Methods: We prospectively collected and analyzed data from a series of severe covid-19 patients confirmed by real-time RT-PCR. Data were obtained from electronic medical records including clinical charts, nursing records, laboratory findings, and chest x-rays were from Feb 8, 2020, to April 7, 2020. The Acute Physiology and Chronic Health Evaluation (APACHE II) score, CURB-65 Pneumonia Severity Score, Sequential Organ Failure Assessment (SOFA) Score and pneumonia severity index (PSI) score were made within 24 hours of admission. Cardiac injury was diagnosed as hs-cTnI were above > 28 pg/mL. The short-term outcome was defined as mortality in hospital.

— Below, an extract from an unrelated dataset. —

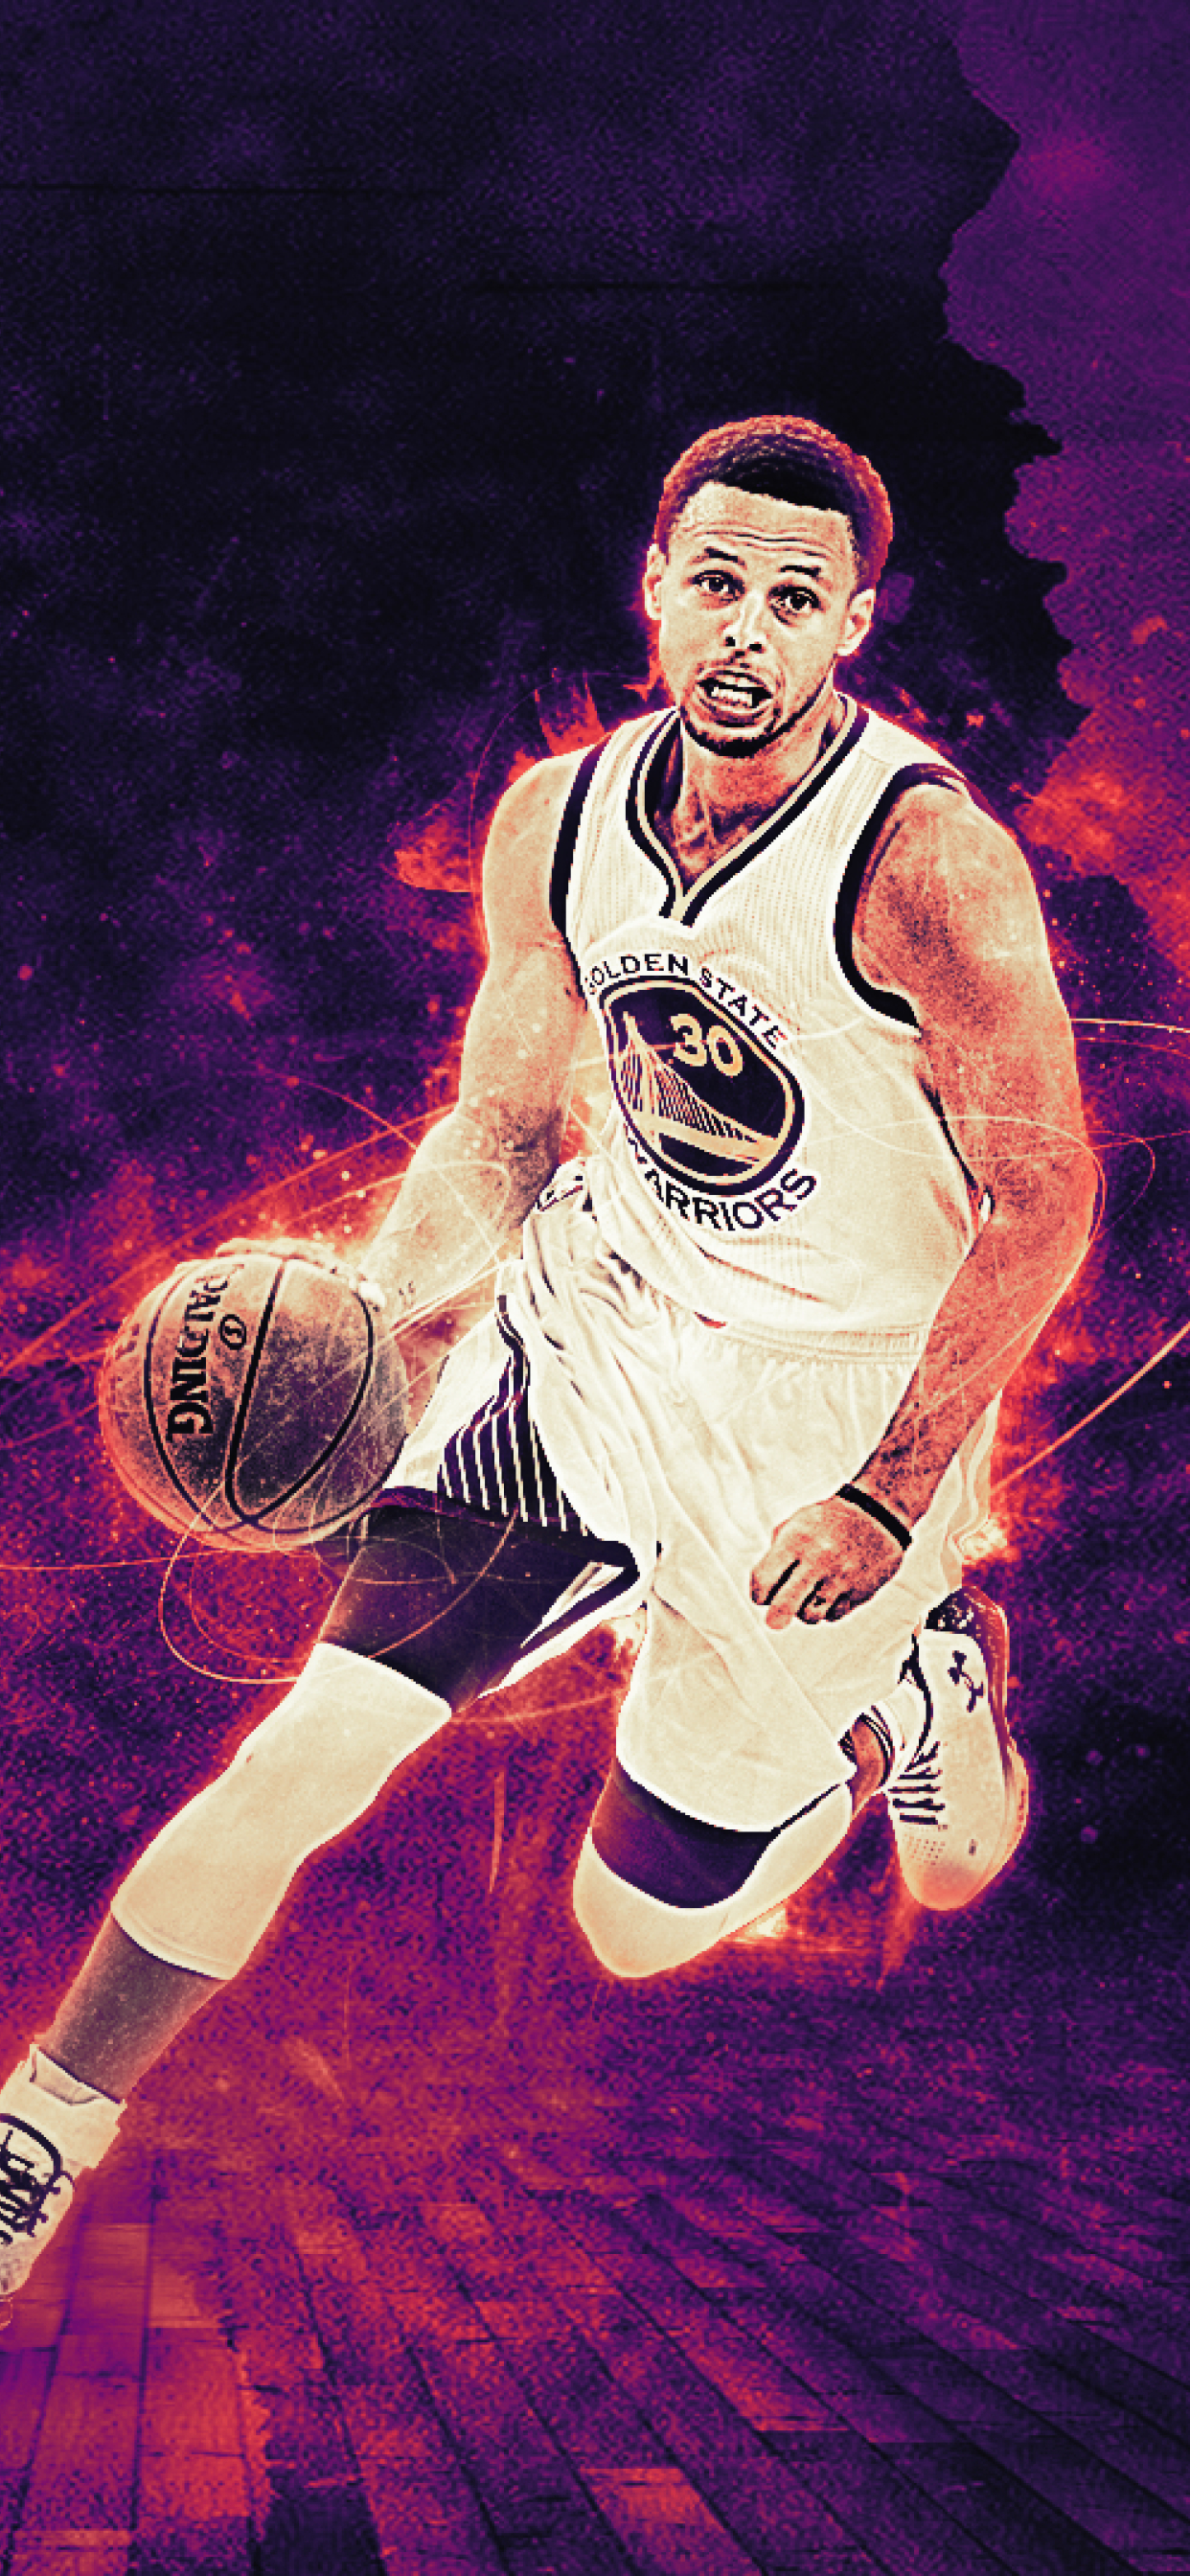 Nate Hudson on Instagram throwback stephencurry30 art piece       ar in 2023  Stephen curry wallpaper Nba wallpapers stephen curry  Stephen curry basketball

Results: A total of 100 patients met the diagnostic criteria of severe patients with COVID-19 during 2020.02.08– 2020.04.07. The CURB 65, APACH2, SOFA, and PSI score were significantly higher in Critical group than in Severe group. Univariate regression analysis showed that oxygen flow, PO2/FiO2, SOFA and hs-cTnI were closely related to short-term outcome. The corresponding ROC of hs-cTnI, oxygen flow and SOFA for patient death prediction were 0.949, 0.906 and 0.652. hs-cTnI at 47.8 ng/liter predicted death, sensitivity 92.8%, specificity 92.9%; Oxygen flow at 5.5 liter/minute predicted death sensitivity 100%, specificity 77.9%; SOFA score at 5 predicted death sensitivity 100%, specificity 73.8%.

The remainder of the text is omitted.